*WHAT YOU ARE ASKED TO DO:*
Copy out every line of the data exactly; do not include the images.

*GIVEN DATA:*
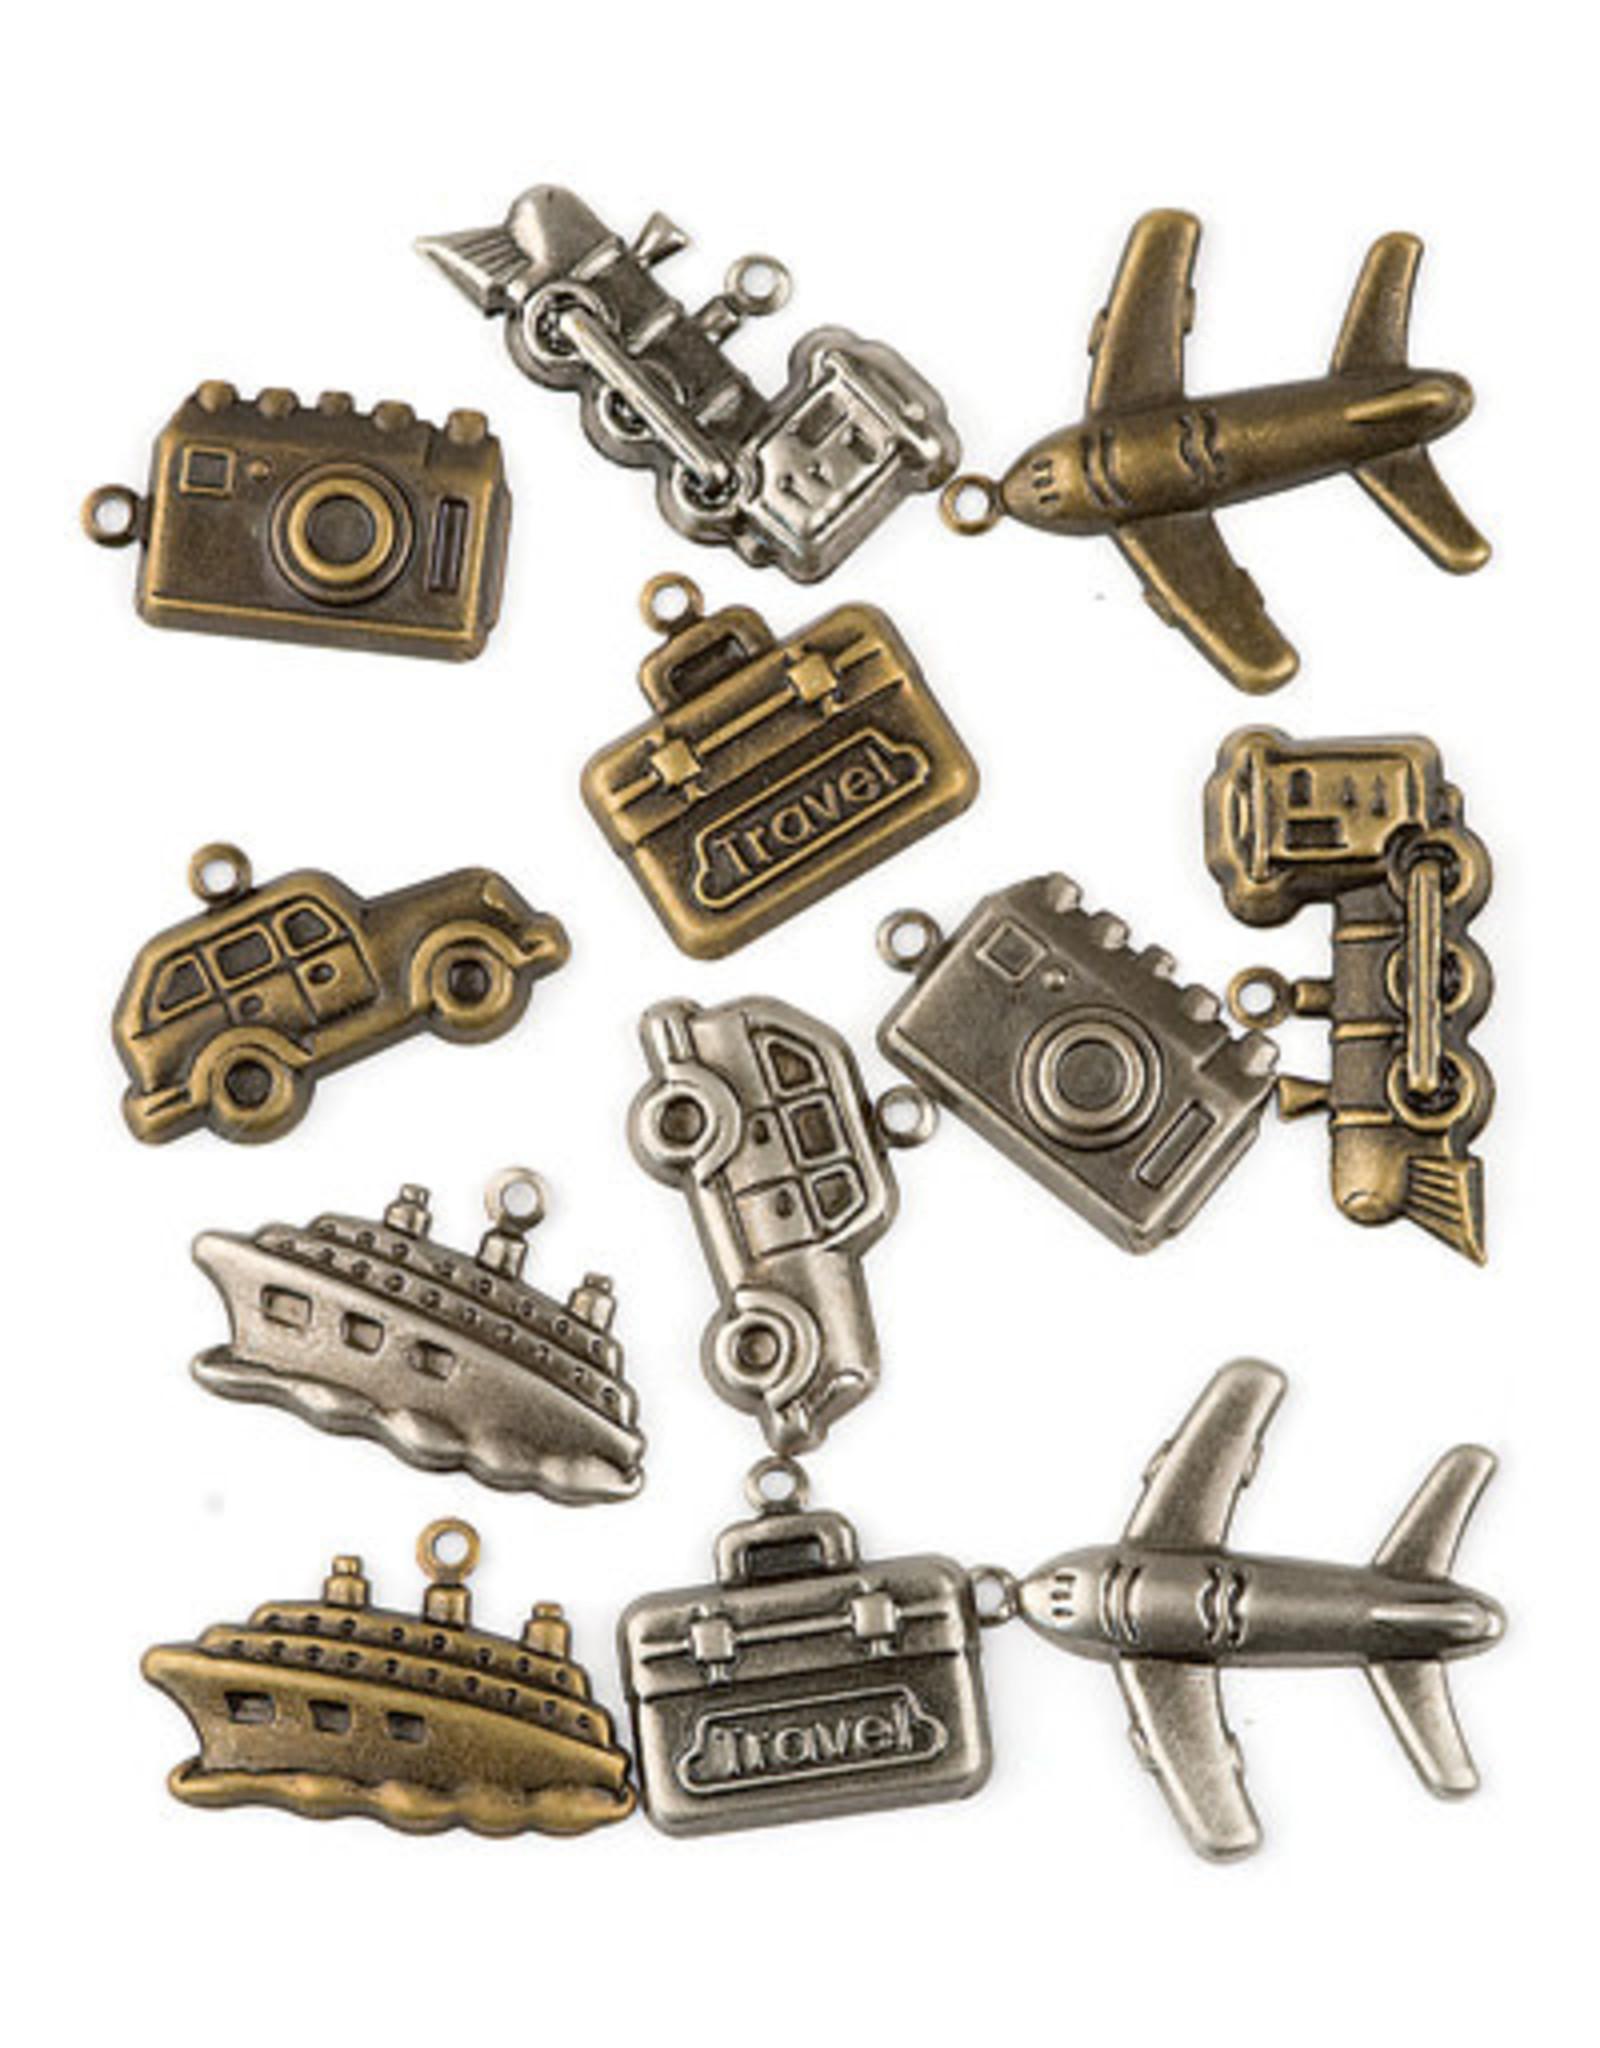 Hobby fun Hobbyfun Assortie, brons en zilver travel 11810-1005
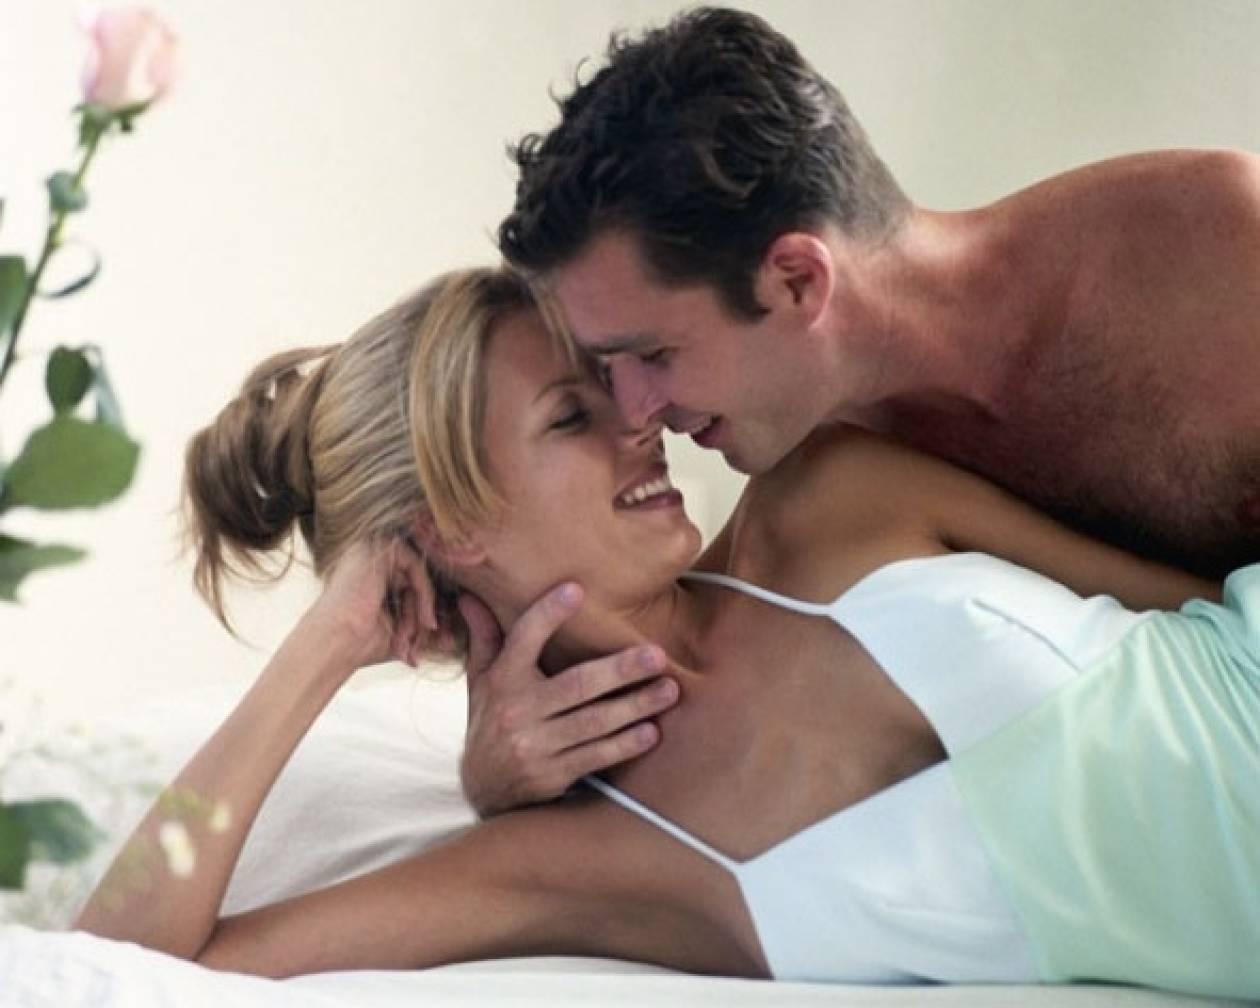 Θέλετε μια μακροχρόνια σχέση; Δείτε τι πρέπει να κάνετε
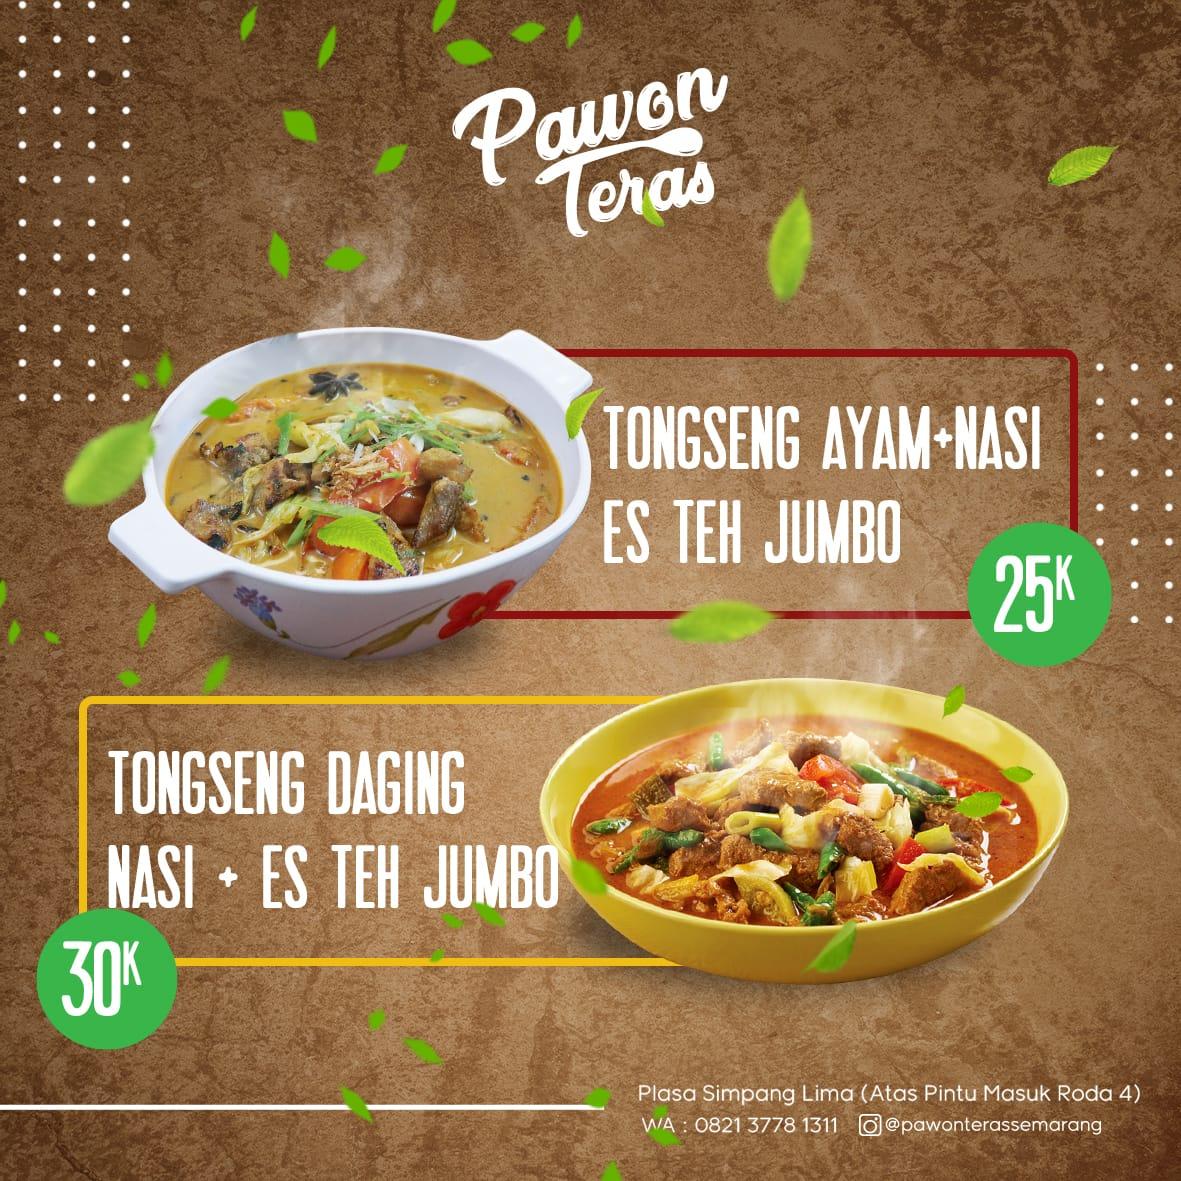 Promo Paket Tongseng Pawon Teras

*RESULT:*
 Hobby fun Hobbyfun Assortie, brons en zilver travel 11810-1005
 Θέλετε μια μακροχρόνια σχέση; Δείτε τι πρέπει να κάνετε
 Promo Paket Tongseng Pawon Teras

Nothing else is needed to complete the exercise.